Обращаясь к эволюции представлений, в том числе и стереотипных, русских о финнах, следует отметить, что, несмотря на длительное соседство между восточнославянскими и финскими народами, в русской народной традиции финнов воплощают в первую очередь так наз. «чухонцы». На наш взгляд, в контексте данного исследования было бы некорректно отождествлять представления о финнах Финляндии и чухонцах / чухне / маймистах (в значении региональной группы – финского коренного населения окрестностей Петербурга) для сопоставления с их стереотипами в народной культуре русских[1174]

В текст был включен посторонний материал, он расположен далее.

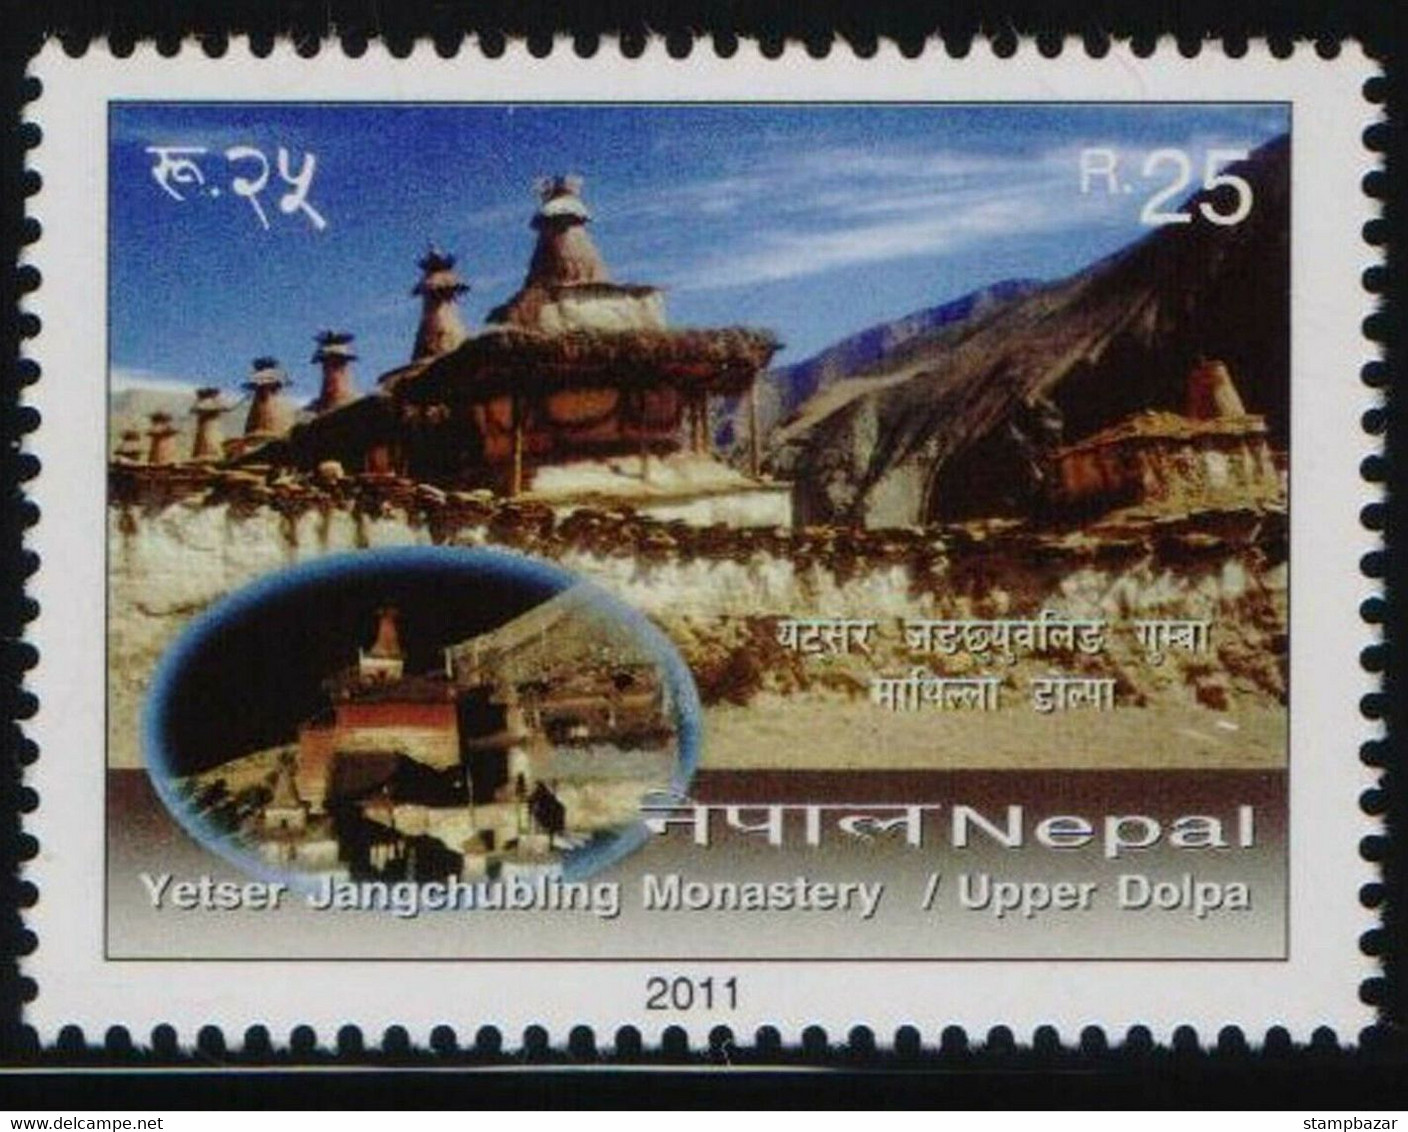 Nepal 2011 Yetser Jangchubling Monastery Upper Dolpa Stamp 1v MNH - Népal

, тем более что гораздо больше свидетельств дает фольклор родственных и близких финнам народов – карели ингерманландцев[1175]. Исключением можно считать представления о так называемых «вейках» и других разновидностях крестьян-отходников из Финляндии[1176], но о них хорошо знали лишь петербуржцы. Авторы и составители этнографических очерков, исходя из регионального принципа описания, очень четко – и композиционно, и содержательно (как было показано) – отделяли финляндских финнов от финно-угорских народов[1177], хотя сравнение с ними занимало важное место в выявлении этноотличительных свойств. Впрочем, следует отметить, что честность питерской «чухны» отмечалась многими наблюдателями в 1830-50-х гг.: «Чухны вообще народ самый честный, т. е. крепкий и верный на слова»[1178]; и в 1890-е гг. ювелирная фирма Фаберже предпочитала брать на работу уроженцев Великого Княжества, так как они были «честными на 110 процентов»[1179].О финляндских финнах в России стали писать довольно поздно: лишь с первой трети XVIII в. встречаются немногочисленные упоминания о жителях главным образом новоприсоединенных территорий, но настоящий интерес появляется лишь с включением Финляндии в состав России. В описаниях финнов первых двух десятилетий XIX в. отчетливо просматривается процесс интенсивного освоения шведских географических и исторических описаний и путешествий. Именно к ним восходят некоторые стереотипы финна, в том числе и те, которые связаны с чертами его нрава и темперамента, а также суждения о дикости и смирении (в значении «забитости») финнов[1180]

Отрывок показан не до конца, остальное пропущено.